WILLIAM BORDEN

"No reserves. No retreats. No regrets."

In 1904 William Borden graduated from a Chicago high school. As heir to the Borden Dairy estate, he was already a millionaire. For his high school graduation present, his parents gave him a trip around the world. As he traveled through Asia, the Middle East, and Europe, Borden felt a growing burden for the world's hurting people. Finally, he wrote home to say, "I'm going to give my life to prepare for the mission field." After making this decision, William Borden wrote two words in the back of his Bible: "No Reserves."

Borden arrived at Yale University (Connecticut) in 1905 trying to look like just one more freshman. During his first semester at Yale, Borden started a movement that transformed the campus. His small morning prayer group was the beginning of the daily groups of prayer that spread to the whole campus. By the end of his first year, 150 freshman were meeting for weekly Bible study and prayer. By the time he was a senior, one thousand out of Yale's 1,300 students were meeting in such groups.

Borden's outreach ministry was not confined to the Yale campus. He rescued drunks from the streets of New Haven. To rehabilitate them, he founded the Yale Hope Mission. "He might often be found in the lower parts of the city at night, on the street, in a cheap lodging house or some restaurant to which he had taken a poor hungry fellow to feed him, seeking to lead men to Christ."
Borden's missionary call narrowed to the Muslims in China. Once that goal was in sight, Borden never wavered. He also inspired his classmates to consider missionary service. One of them said: "He certainly was one of the strongest characters I have ever known, and he put backbone into the rest of us at college. There was real iron in him, and I always felt he was of the stuff martyrs were made of, and heroic missionaries of more modern times. "

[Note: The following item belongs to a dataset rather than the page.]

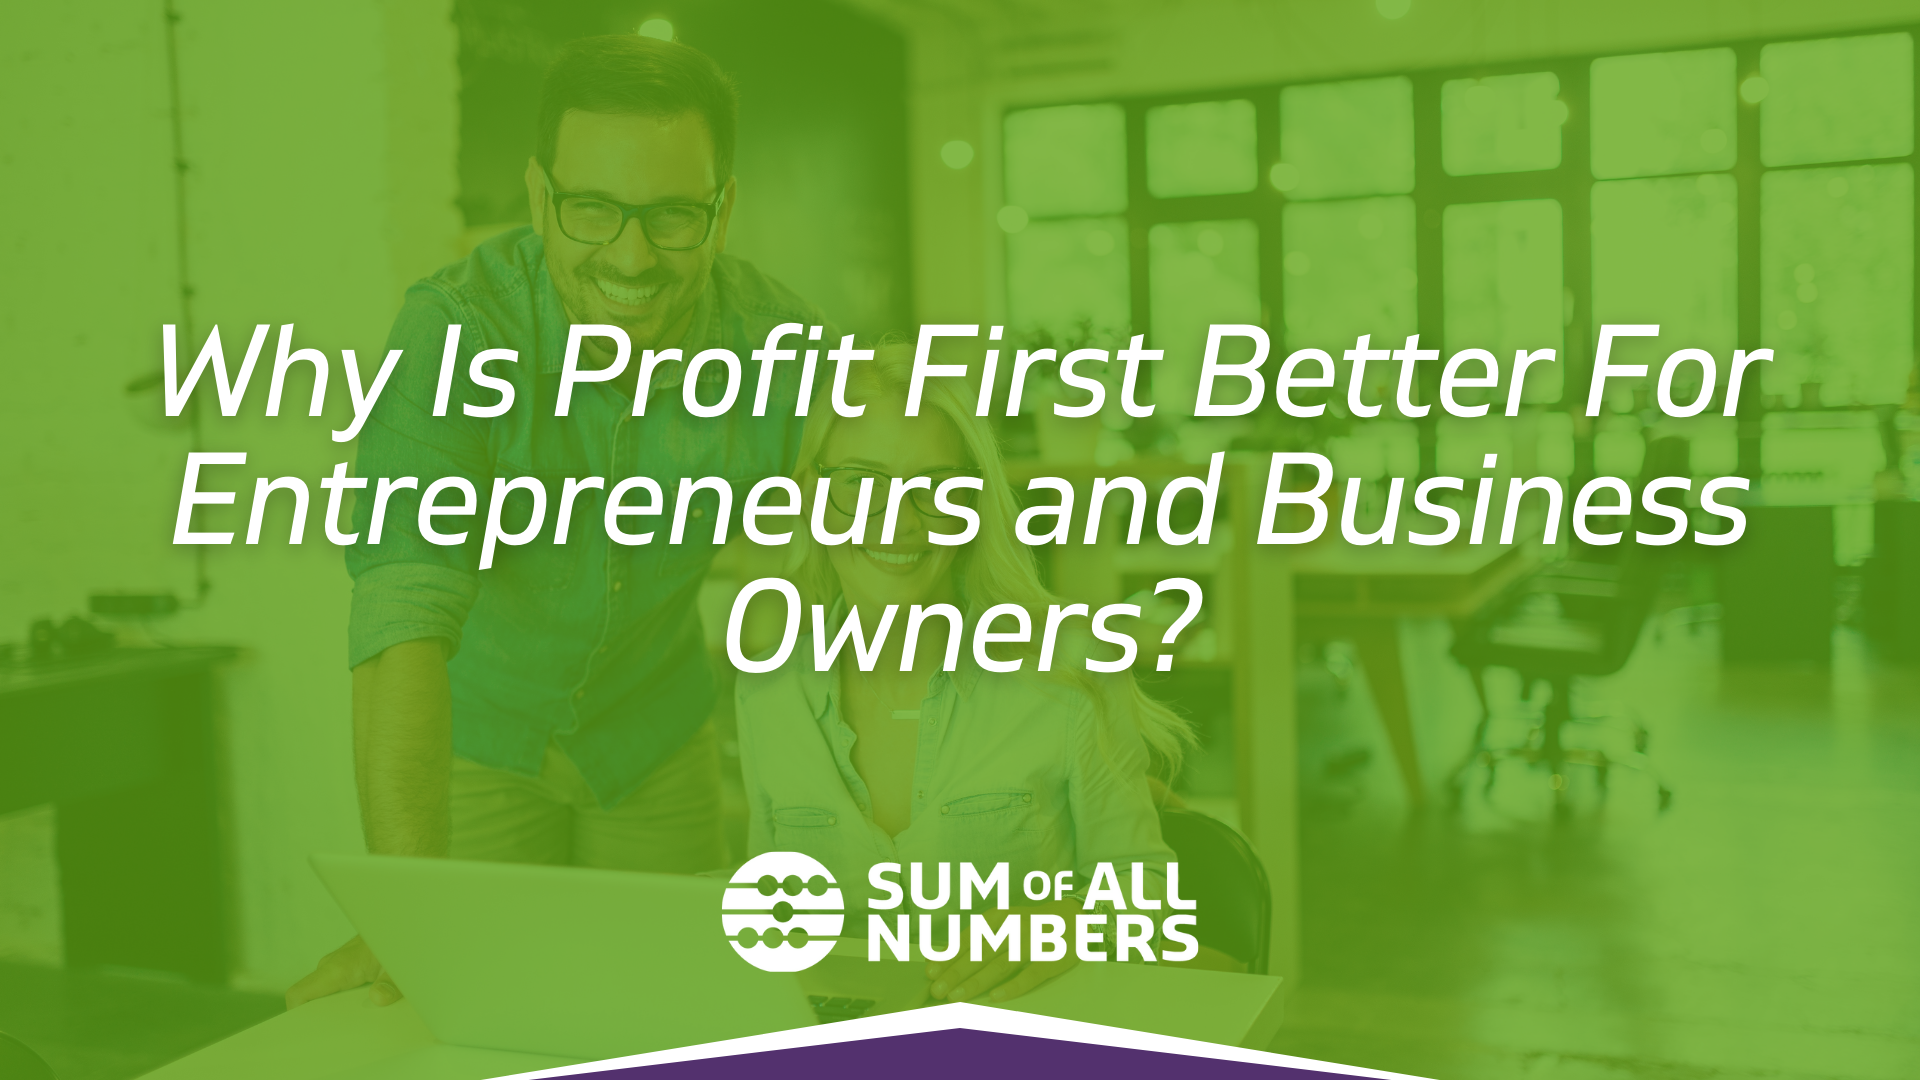 Our featured image for the blog post “Why Is Profit First Better For Entrepreneurs?” | numbers.lojoweb.com

Upon graduation from Yale, Borden turned down some high paying job offers. He also wrote two more words in his Bible: "No Retreats."

William Borden went on to graduate work at Princeton Seminary in New Jersey. When he finished his studies at Princeton, he sailed for China. Because he was hoping to work with Muslims, he stopped first in Egypt to study Arabic. While there, he contracted spinal meningitis. Within a month 25-year-old William Borden was dead.

When news of the death of William Whiting Borden was cabled back to the U.S. from Egypt, "a wave of sorrow went round the world. Borden not only gave (away) his wealth, but himself, in a way so joyous and natural that it (seemed) a privilege rather than a sacrifice." 

Was Borden's untimly death a waste? Not in God's plan. Prior to his death, Borden had written two more words in his Bible. Underneath the words "No Reserves" and "No Retreats," he had written: "No Regrets."